Task brief:
Omit all images, then repeat exactly the lines below from the one containing "A ruby-throated hummingbird" through the one containing "Several white bowls", both ends included.

Task input:
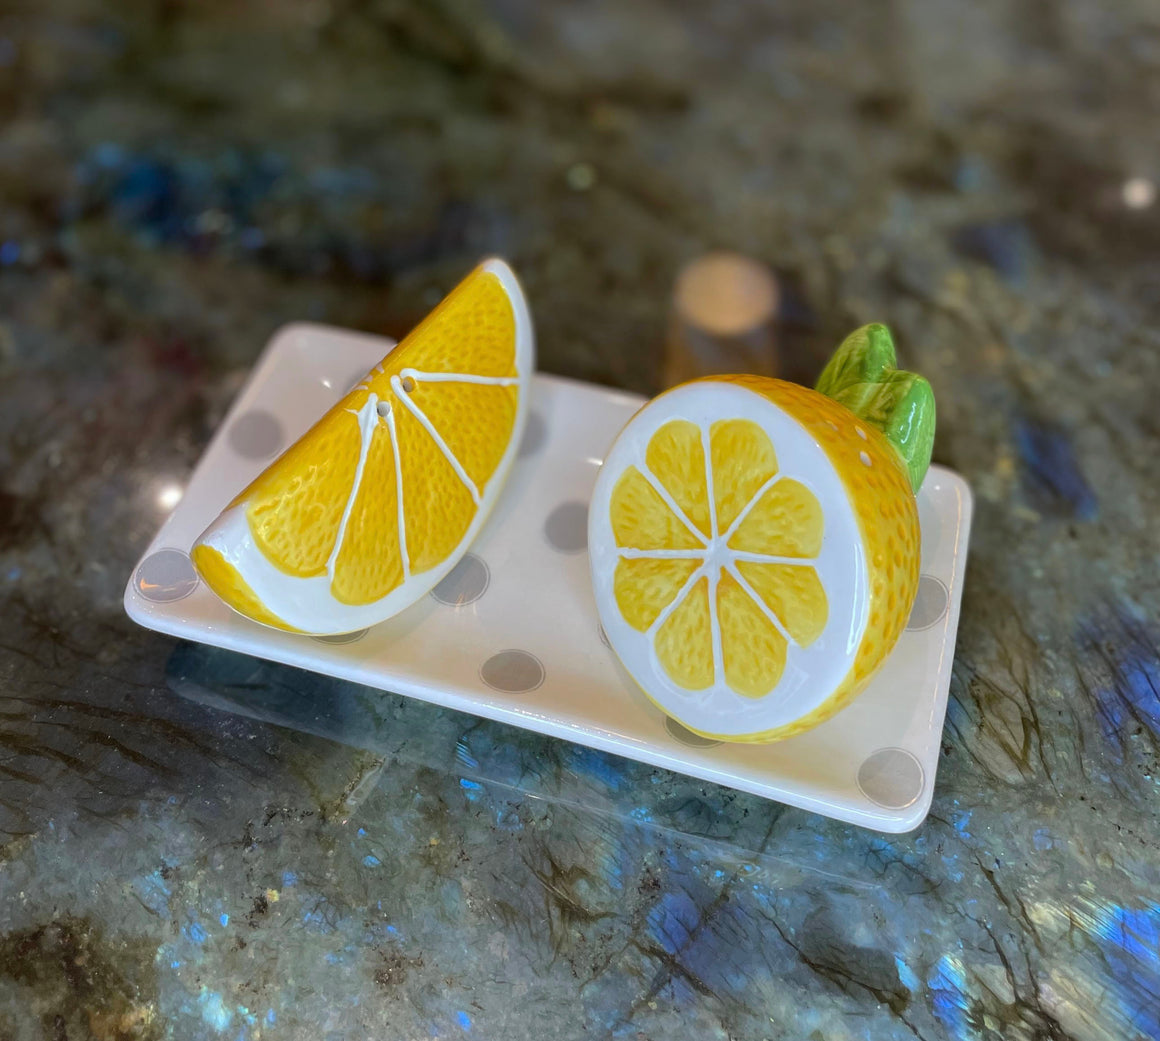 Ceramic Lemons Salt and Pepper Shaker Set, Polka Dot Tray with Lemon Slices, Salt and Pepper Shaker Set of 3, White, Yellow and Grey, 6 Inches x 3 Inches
==
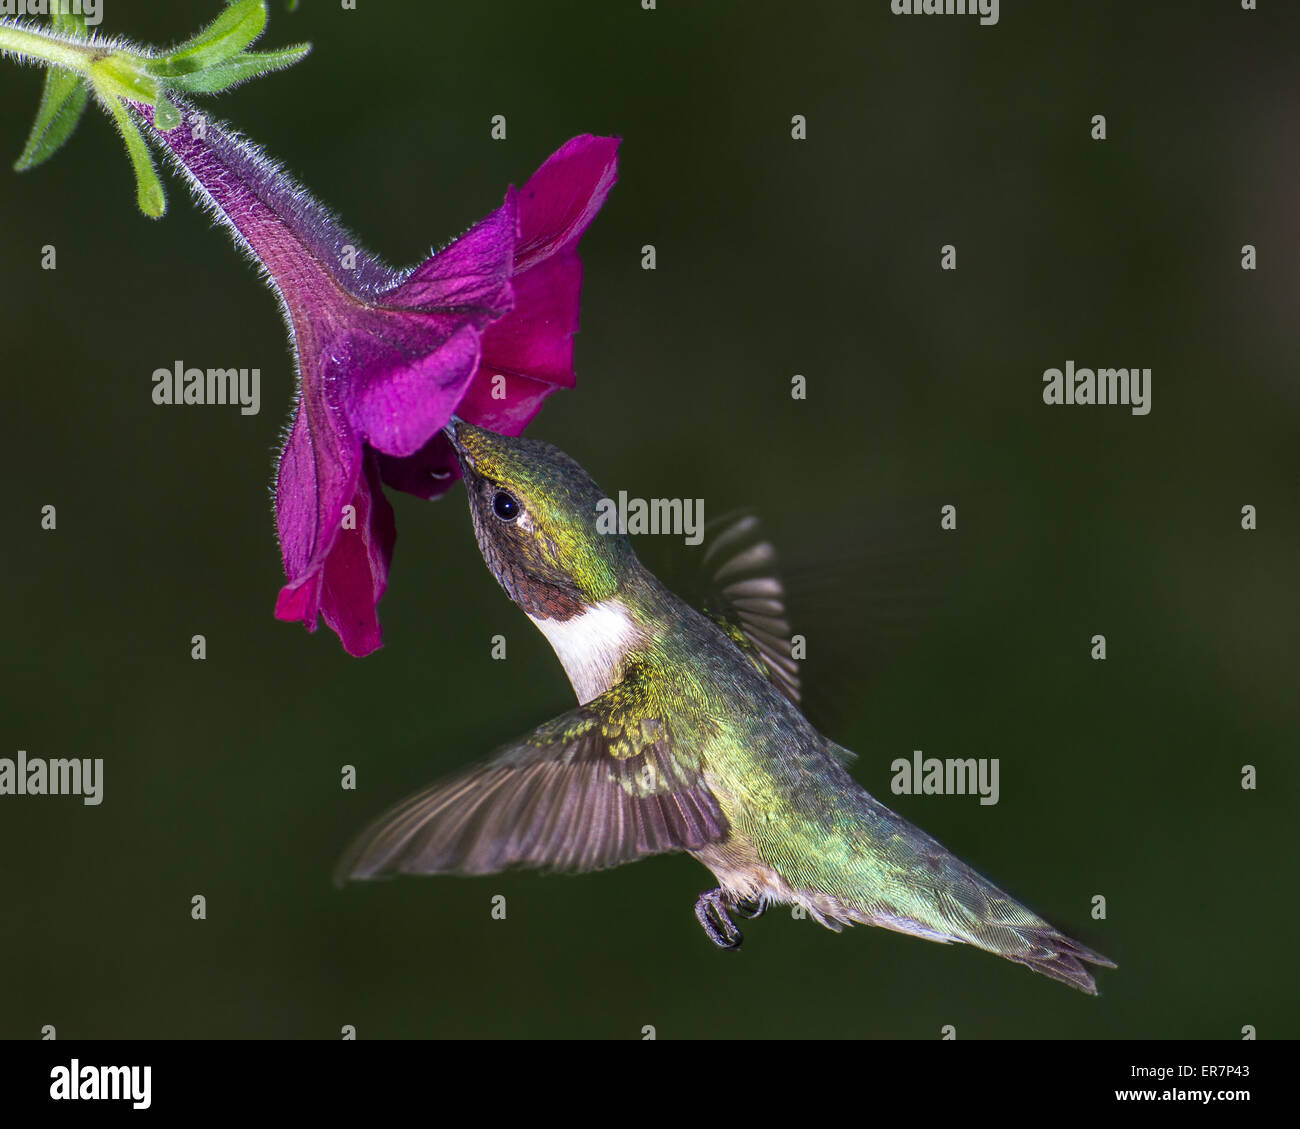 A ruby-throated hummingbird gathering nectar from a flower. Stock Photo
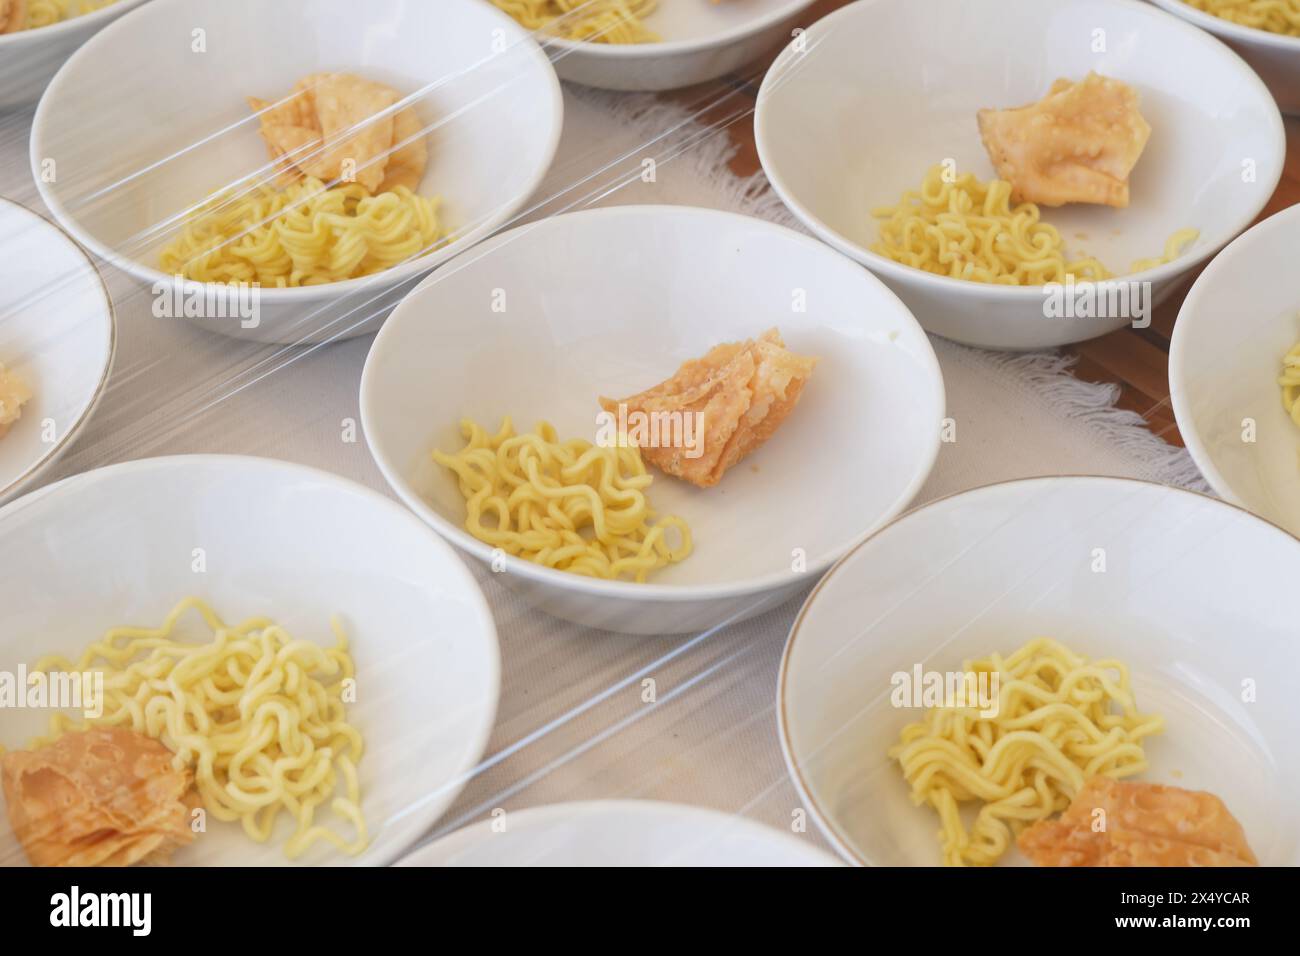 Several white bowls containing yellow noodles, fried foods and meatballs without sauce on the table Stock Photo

Written answer:
 A ruby-throated hummingbird gathering nectar from a flower. Stock Photo
 Several white bowls containing yellow noodles, fried foods and meatballs without sauce on the table Stock Photo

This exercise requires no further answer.